Operation Pawan was unlike any mission India had undertaken before. Deployed under the Indo–Sri Lanka Accord, the IPKF was tasked with enforcing peace and disarming militant groups, including the LTTE. The mission tested the Indian Army in unfamiliar terrain, under shifting political pressures, and amid intense combat.

Yet for many years, its soldiers were caught in an uncomfortable silence, honoured individually through gallantry awards but collectively absent from the nation’s military narrative. The absence of recognition compounded the grief of families who had lost loved ones and left veterans feeling that their service had been relegated to the margins.
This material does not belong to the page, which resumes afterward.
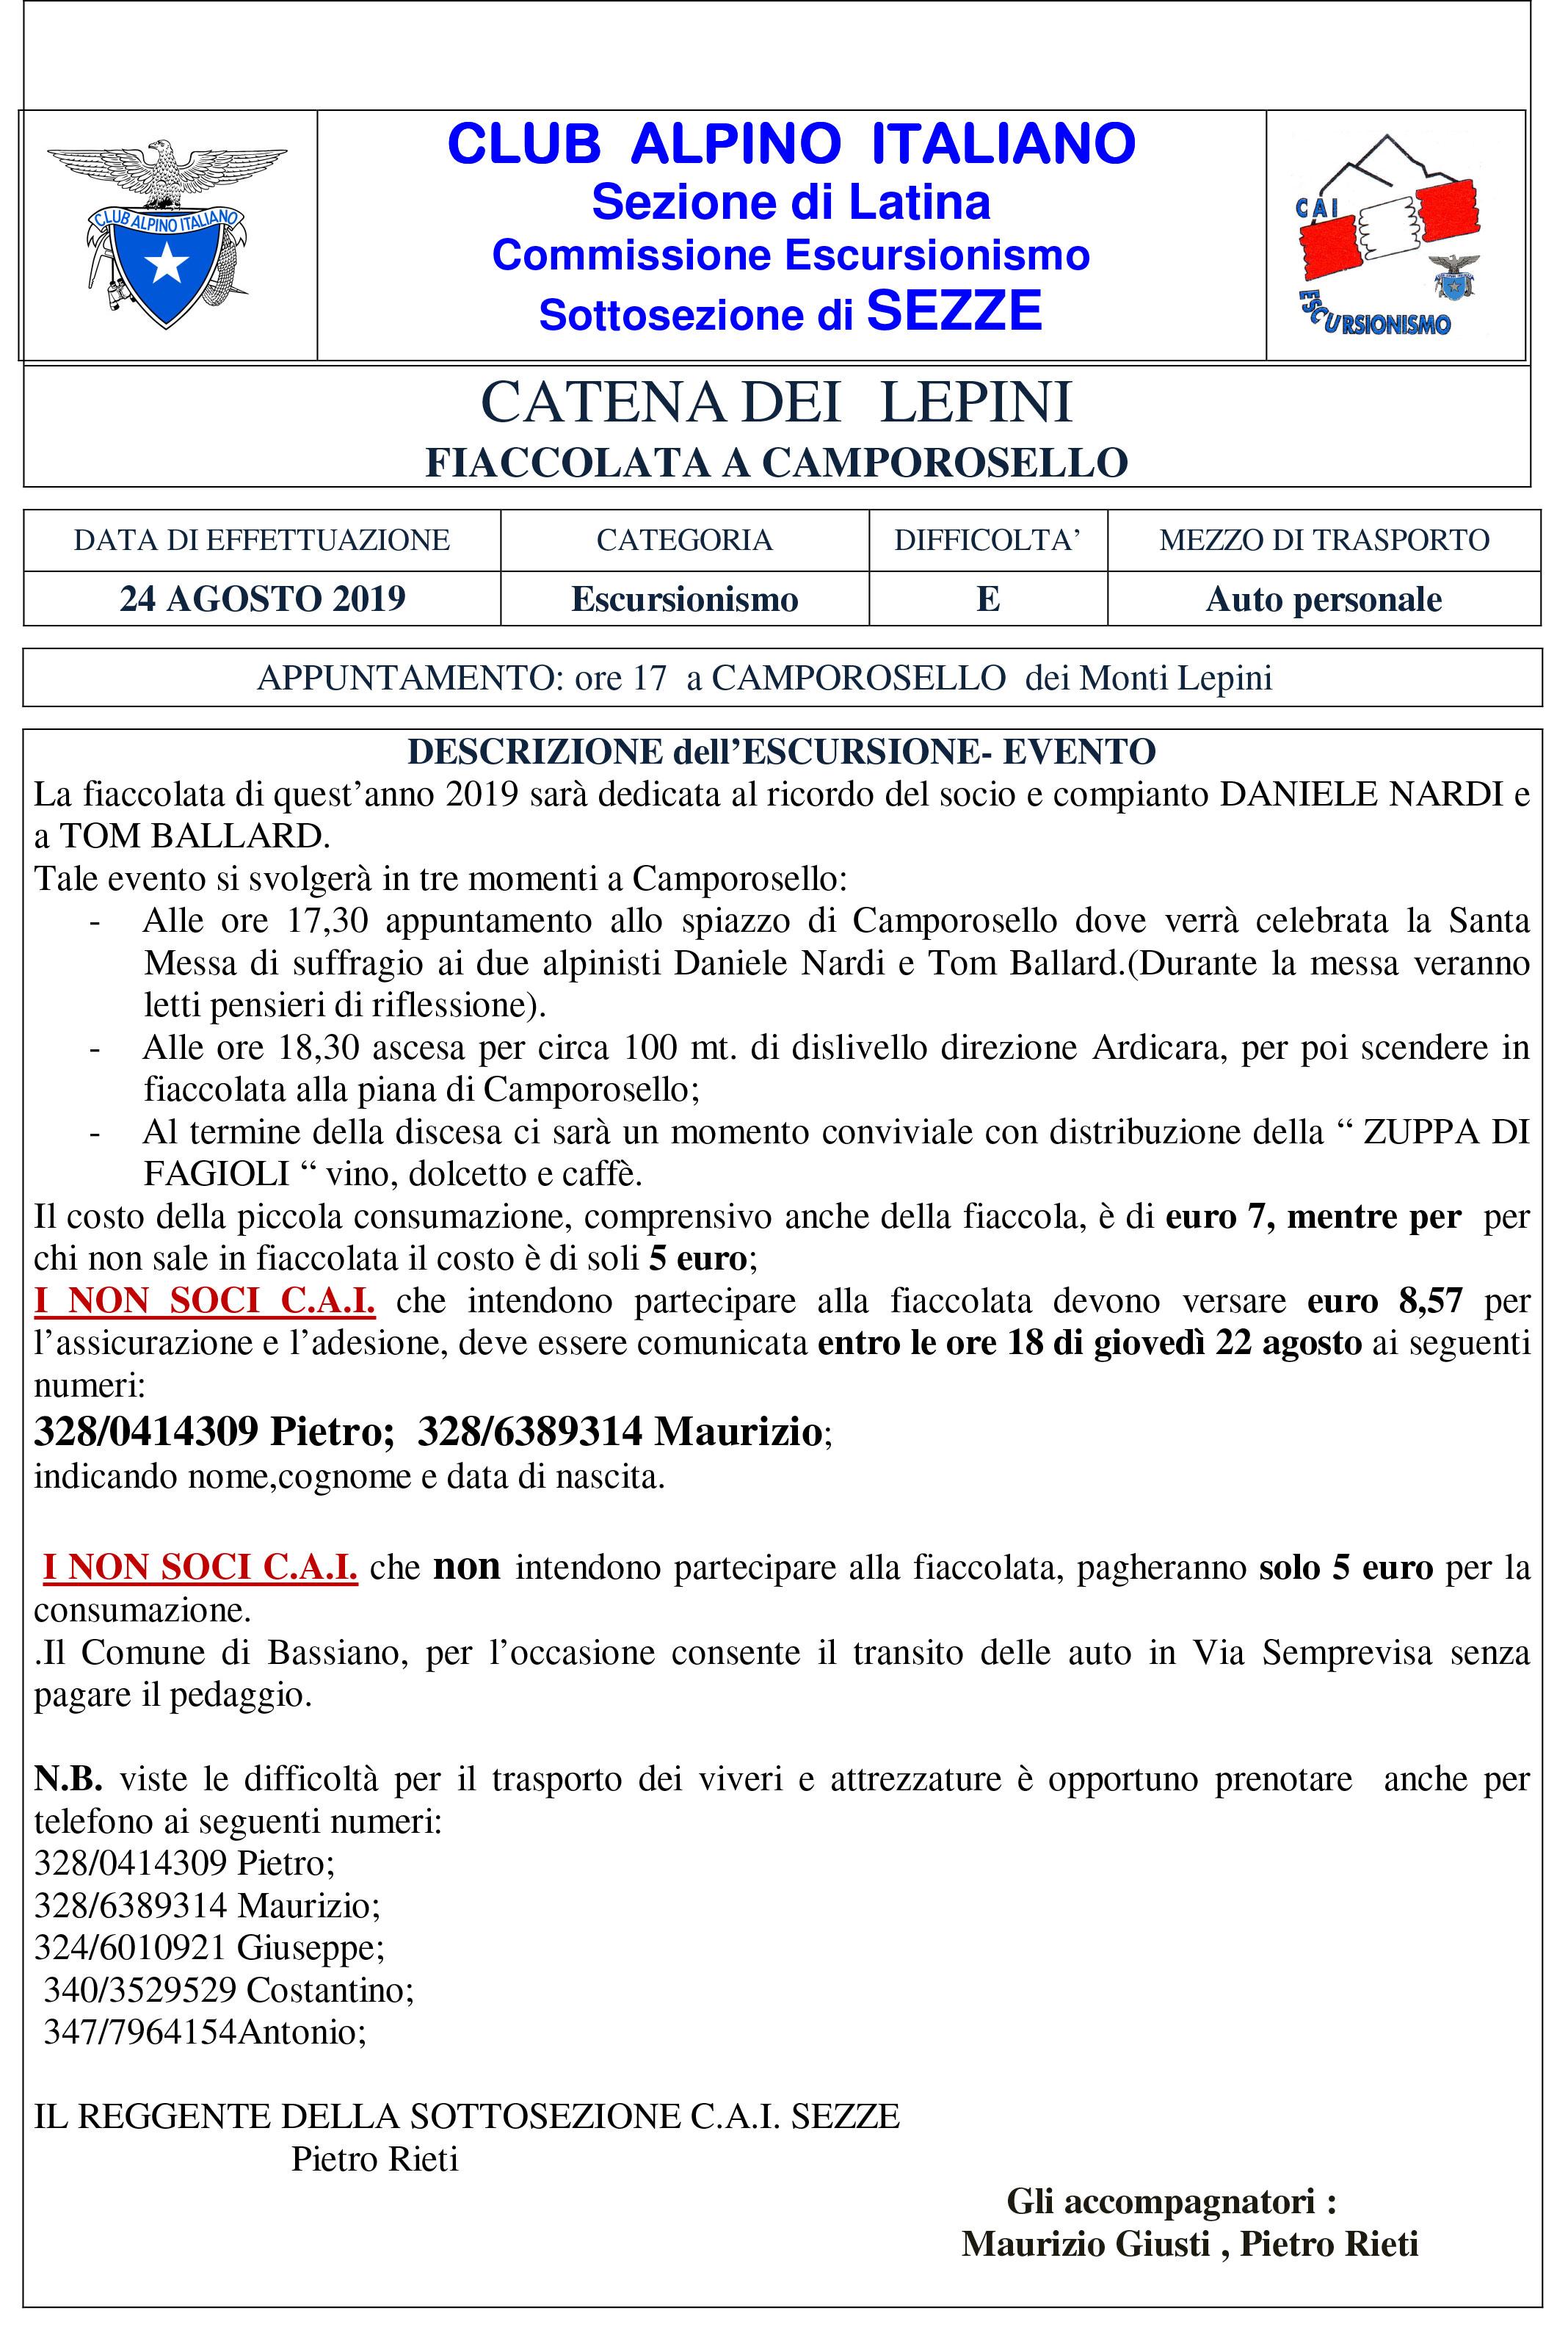 Sezze: Fiaccolata a Camporosello @ Camporosello | Sezze | Lazio | Italia

By officially commemorating OP Pawan today, the Army has begun correcting that historical omission. It is an important symbolic step, one that validates the courage of the fallen, the resilience of the wounded, and the service of all who participated in the operation.

The Unfinished Work: Closure Still Pending

Veterans and military historians agree that while today’s event marks a breakthrough, true closure has not yet been achieved.

What remains unresolved is formal, institutional recognition of OP Pawan as a key chapter in India’s military history, on the same footing as the 1971 Liberation War or the 1999 Kargil conflict.

Despite several years of deliberation within the Ministry of Defence, India still lacks: an officially designated OP Pawan Remembrance Day; a permanent memorial plaque at the National War Memorial; formal classification of Operation Pwawn as a major military operation; and Institutional acknowledgement in military records, museums, and public memory.

As Lt Col (Retd) Channan, IPKF veteran, observed, “Honour without formal recognition remains incomplete. The nation owes these veterans and their families not just gratitude, but closure.”

A Reminder of What Must Follow

Today’s ceremony, attended by veterans, widows, families, and senior commanders, was marked by solemnity and relief in equal measure. Bugles sounded for the first time for OP Pawan. The fallen were named. Their sacrifice was spoken aloud.

For many families, it was the emotional moment they had waited generations to witness.

Yet the event also underscored how much remains to be done. The recognition is historic, but it is only the beginning. The legacy of Operation Pawan cannot rest solely on a single ceremony; it must be preserved through enduring institutional remembrance.

The Road Ahead

With today’s commemoration, the Indian Army has taken a decisive step toward righting a decades-long oversight. The challenge now lies in ensuring that OP Pawan receives the enduring place it deserves in India’s military memory.